Using this gem, the implementation is the same in dev and prod, and it is frictionless since the templates render when Rails boots.
Development
After checking out the repo, run bin/setup to install dependencies. You can also run bin/console for an interactive prompt that will allow you to experiment. See below for testing instructions.

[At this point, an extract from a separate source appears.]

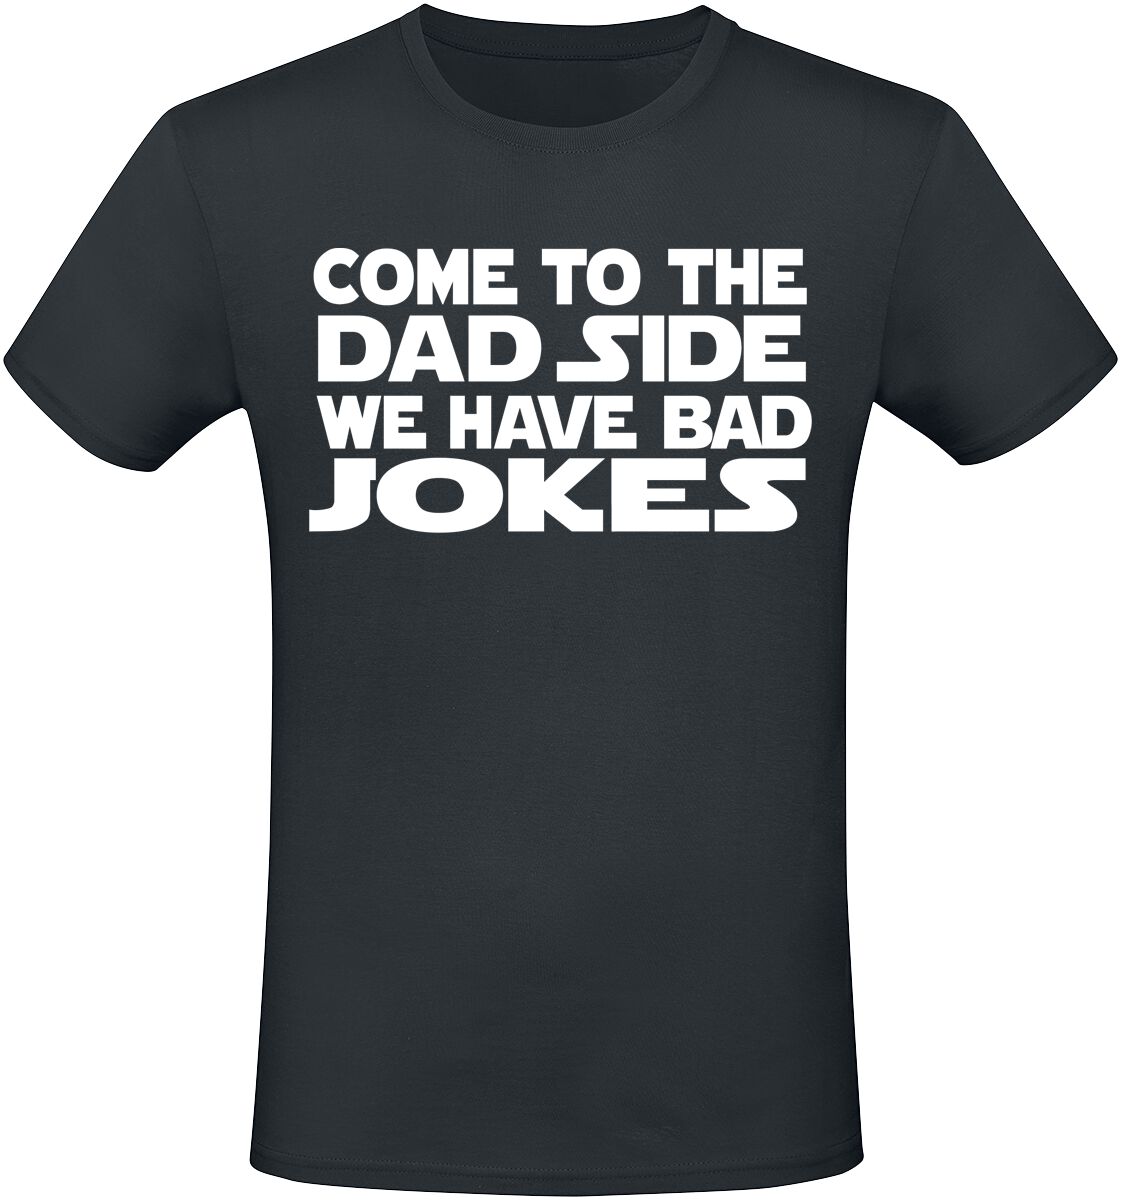 Sprüche T-Shirt - Come To The Dad Side We Have Bad Jokes - M bis 3XL - für Männer - Größe 3XL - schwarz

To install this gem onto your local machine, run bundle exec rake install. To release a new version, update the version number in version.rb, and then run bundle exec rake release, which will create a git tag for the version, push git commits and tags, and push the .gem file to rubygems.org.
Testing
Testing is easiest by running Consul and Vault in Docker. Just boot up their minimal containers:
$ docker pull consul
$ docker pull vault
$ docker run -d --name=dev-consul -p 8500:8500 consul
$ docker run -d --name=dev-vault -p 8200:8200 --cap-add=IPC_LOCK -e 'VAULT_DEV_ROOT_TOKEN_ID=94e1a9ed-5d72-5677-27ab-ebc485cca368' vault
Then run bundle exec rspec, or bundle exec guard.
Contributing
Bug reports and pull requests are welcome on GitHub at https://github.com/veracross/consult.
License
The gem is available as open source under the terms of the MIT License.